The confusion matrices for all the ResNet and Inception models are presented in Table 4 and Table 5.

Table 6 and Table 7 show the values achieved for the other metrics considered, which were sensitivity (recall), specificity, precision (positive predictive value, PPV), and negative predictive value (NPV) [54]. In this example, such measures are based on:

True negatives (TN)—regions correctly classified as healthy;
True positives (TP)—regions correctly classified as regions with bone loss;
False negatives (FN)—regions with bone loss incorrectly classified as healthy;
False positives (FP)—healthy regions incorrectly classified as regions with bone loss.

In that way, the mentioned measures are defined as: sensitivity =

\frac{T P}{F N + T P}

; specificity =

\frac{T N}{F P + T N}

; precision =

\frac{T P}{F P + T P}

; negative predictive value =

\frac{T N}{F N + T N}

.

Table 8 shows the proportion of correctly classified examples (test accuracy) for each method. Figure 6 shows the receiver operating characteristic (ROC) and precision-recall (PR) curves for each model. Figure 6a shows the ROC curves for ResNetNearest, ResNetBilinear, ResNetBicubic, ResNetLanczos, ResNetSRCNN, and ResNetSRGAN; and Figure 6b shows their PR curves. Similarly, Figure 6c shows the ROC curves for InceptionNearest, InceptionBilinear, InceptionBicubic, InceptionLanczos, InceptionSRCNN, and InceptionSRGAN; and Figure 6d shows their PR curves.

6. General Discussion

Relative to Study 1, for expert 3, Lanczos’s quality was very high and very close to SRGAN, which is also denoted by the corresponding VGC curve and its AUC. For expert 4, the nearest method had better results, despite the intense aliasing effect. For expert 5, all interpolation methods and SRCNN had very similar and reasonable performance, except the SRGAN method, which was superior. Except for expert 2, the experts considered the nearest method equal to or better than the bilinear method. This suggests that the nearest aliasing effect tends to be more supported than the bilinear blur effect. For experts 1 and 2, the results’ quality progressively improved for the bilinear, bicubic, Lanczos, SRCNN, and SRGAN methods, as expected. This superiority was also proved by the p-values achieved for the Wilcoxon tests performed. This trend was also observed in a general way, considering the scores for all observers. On the one hand, experts considered SRGAN as the best method and found the effects of bilinear, bicubic, and nearest methods relatively similar. Some of the experts even gave the same scores for those three methods, which can also be seen in the VGC curves that are repeated and overlap for some pairs. Note that the results for experts 4 and 5 differ substantially from the results of other experts, especially for bilinear and bicubic methods. This difference can be mostly related to the fact that they are specialized in endodontics, not in oral radiology, so their perception of the visual quality regarding PBL assessments can differ. Experts 4 and 5 may have had some tolerance for image flaws that were not tolerated by the dentists specialized in oral radiology. Additionally, due to their extensive experience in endodontics and PBL assessment, they may have had some ability to detect PBL even in blurred images.
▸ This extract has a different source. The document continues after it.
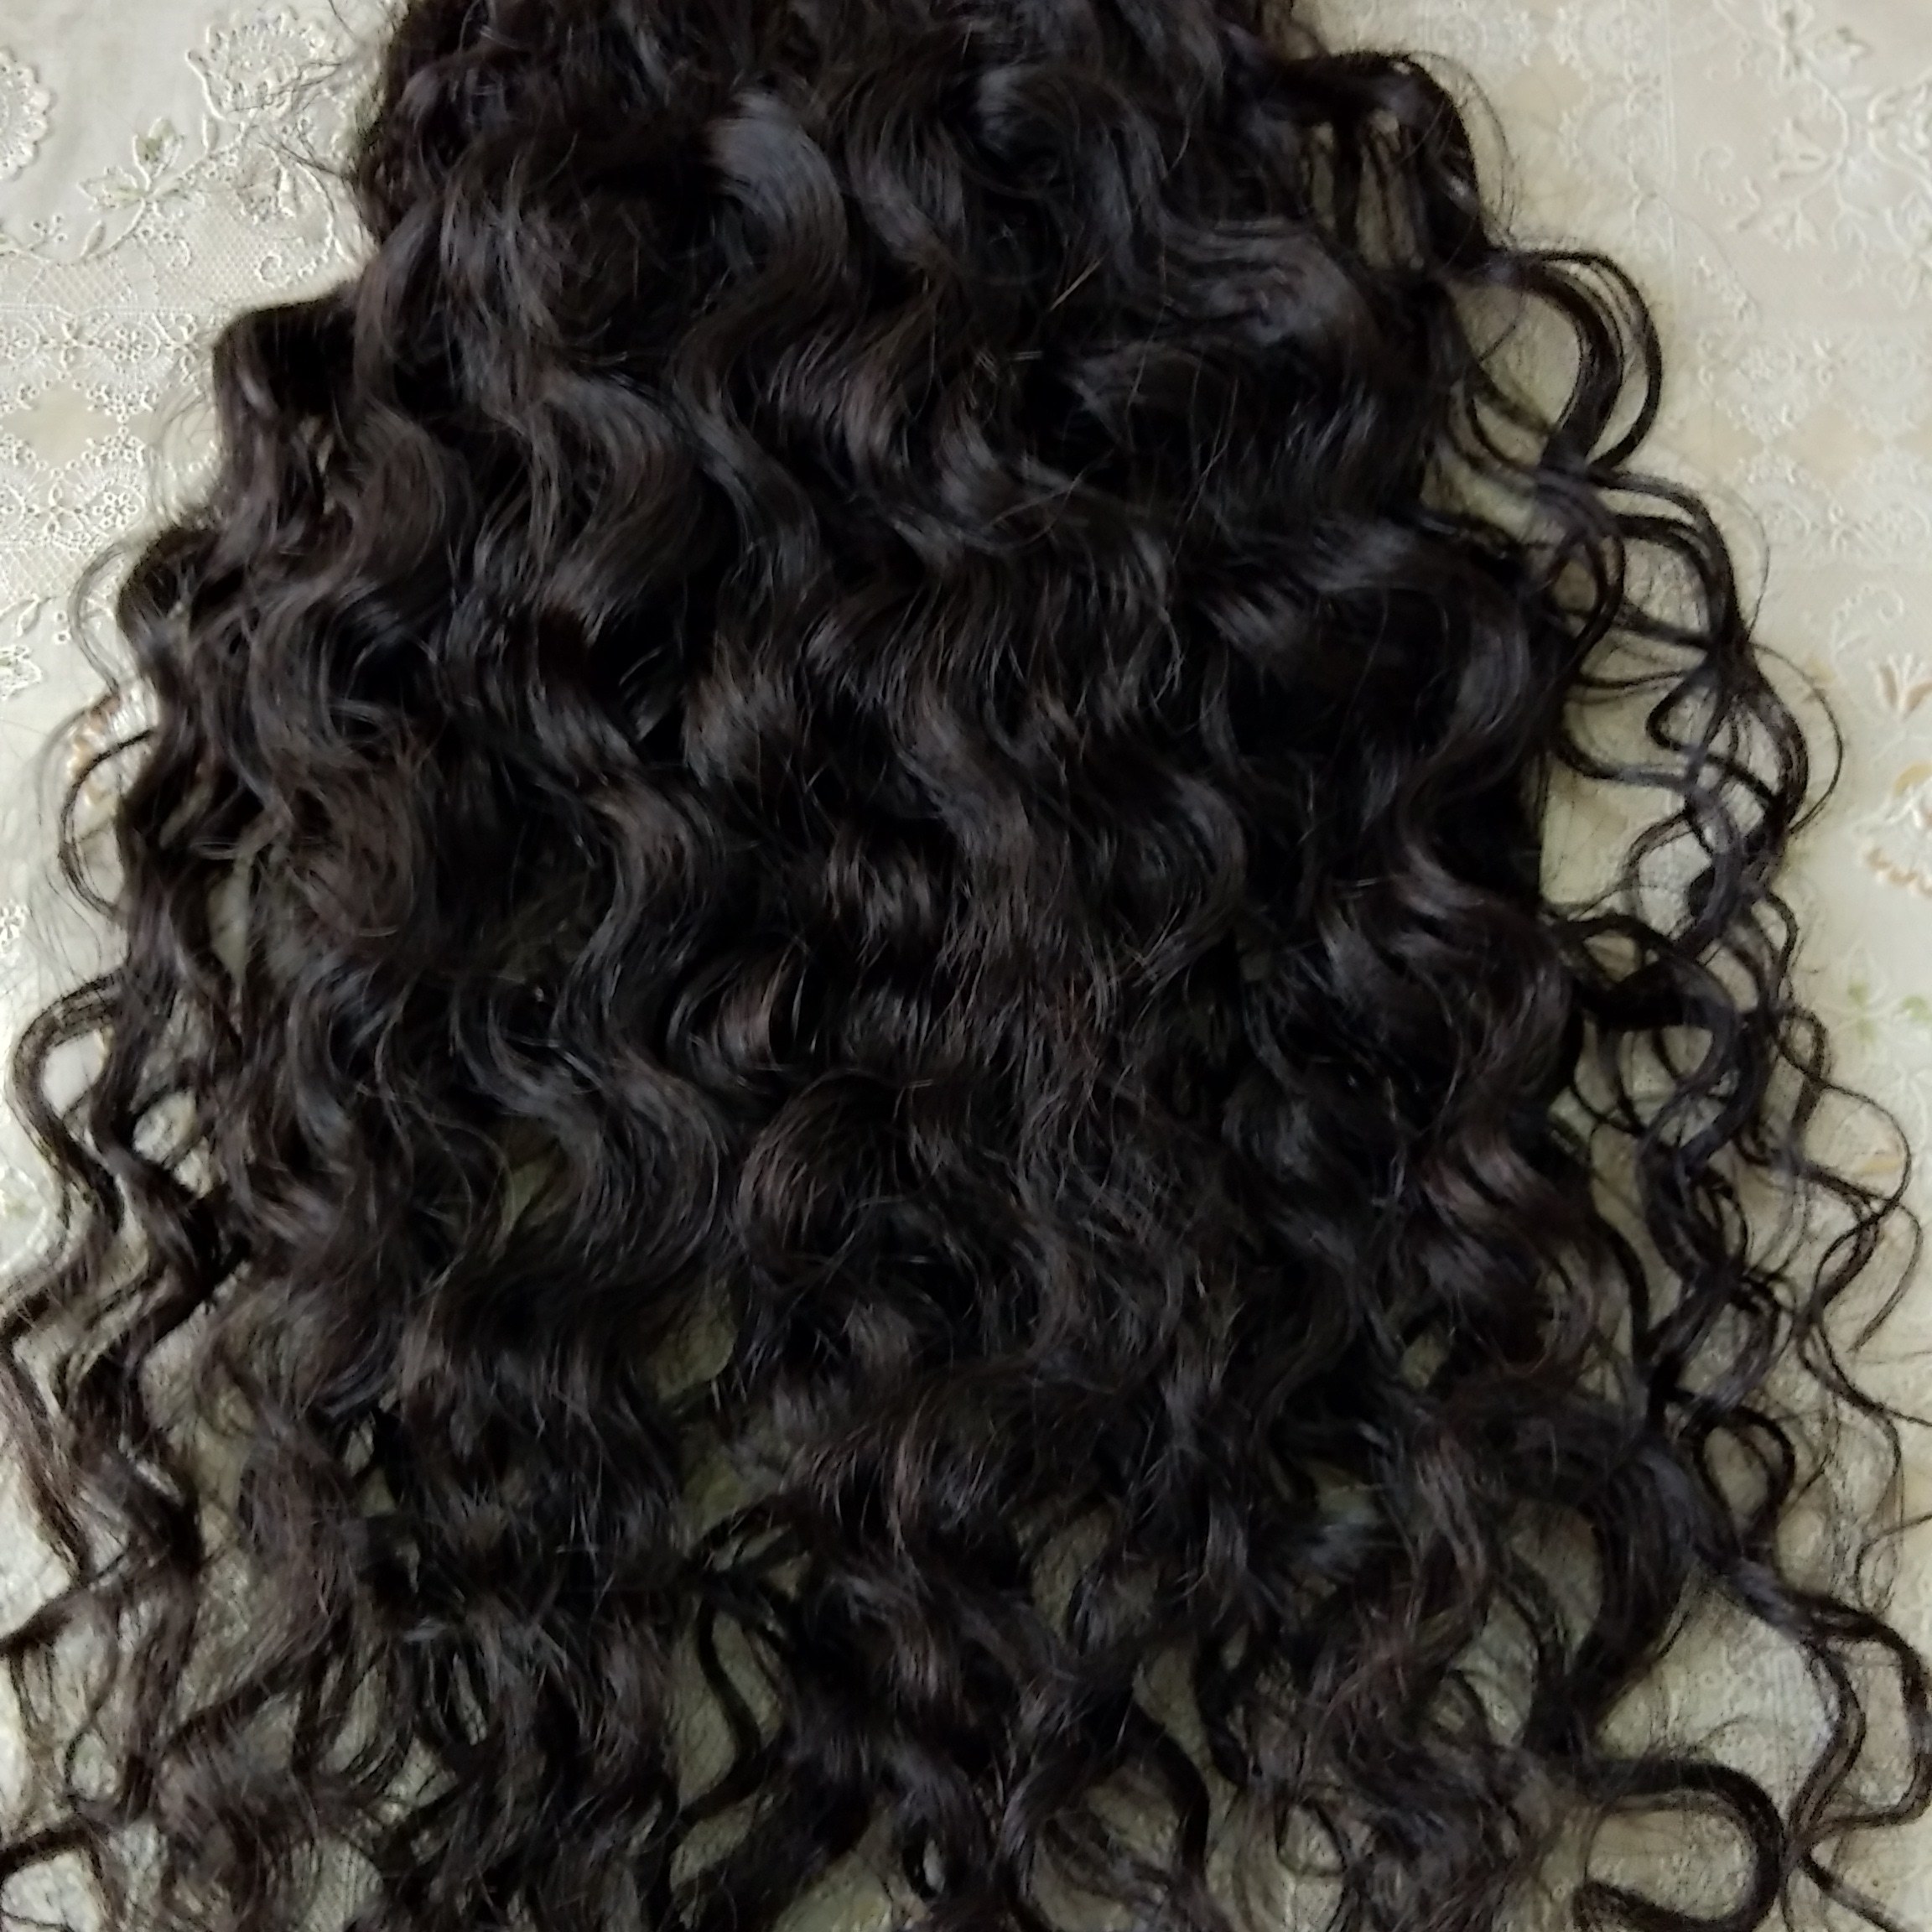 Indian Temple Soft Curly Hair

On the other hand, the two deep-learning methods had very similar performances for laypeople, with SRGAN being slightly better. For the interpolation methods, the improvements had the progression expected in terms of quality, following the order: nearest, bilinear, bicubic, and Lanczos.

These visual quality differences are exemplified in Figure 7, in which it is possible to see how the deep-learning methods increase the edges’ definition in the interproximal area.
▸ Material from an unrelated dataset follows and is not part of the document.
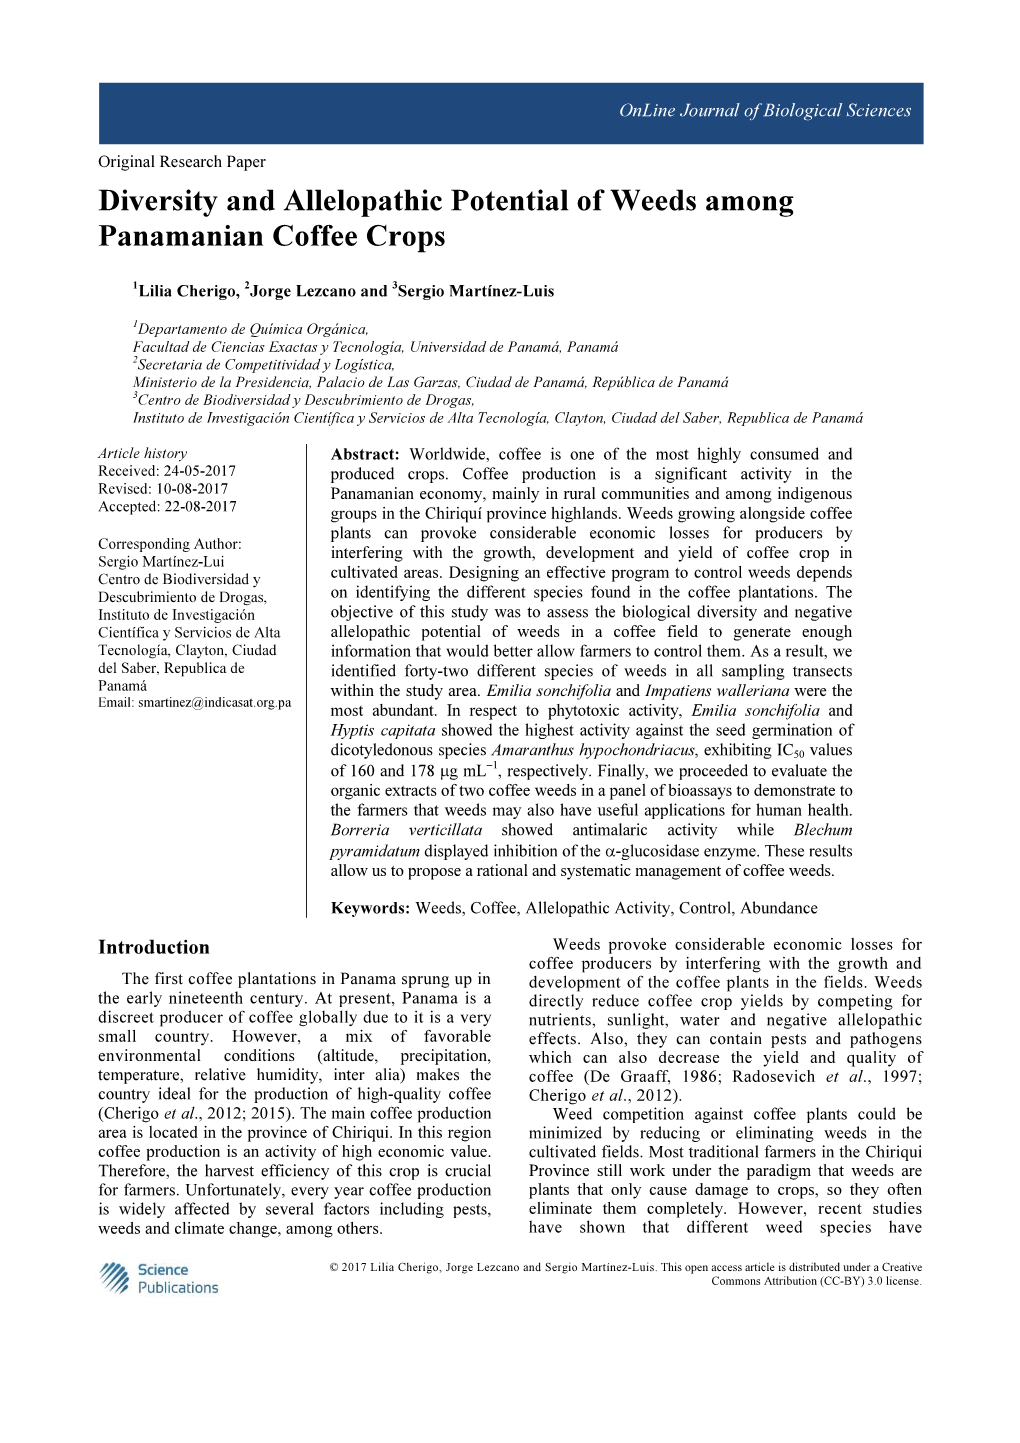 Diversity and Allelopathic Potential of Weeds Among Panamanian Coffee Crops

It is important to emphasize that MOS consists of a qualitative evaluation, so it is a subjective metric that is highly observer dependent. Even while considering that the number of experts in this study can be considered low, observing the general experts’ curves, based on all experts’ scores, minimizes these observer-dependent factors and provides an overview of the perceptual quality. Additionally, the additional analysis performed, including the analysis of lay observers, involved a large number of participants and provided more robust metrics, evidencing more general trends about the quality of the different methods.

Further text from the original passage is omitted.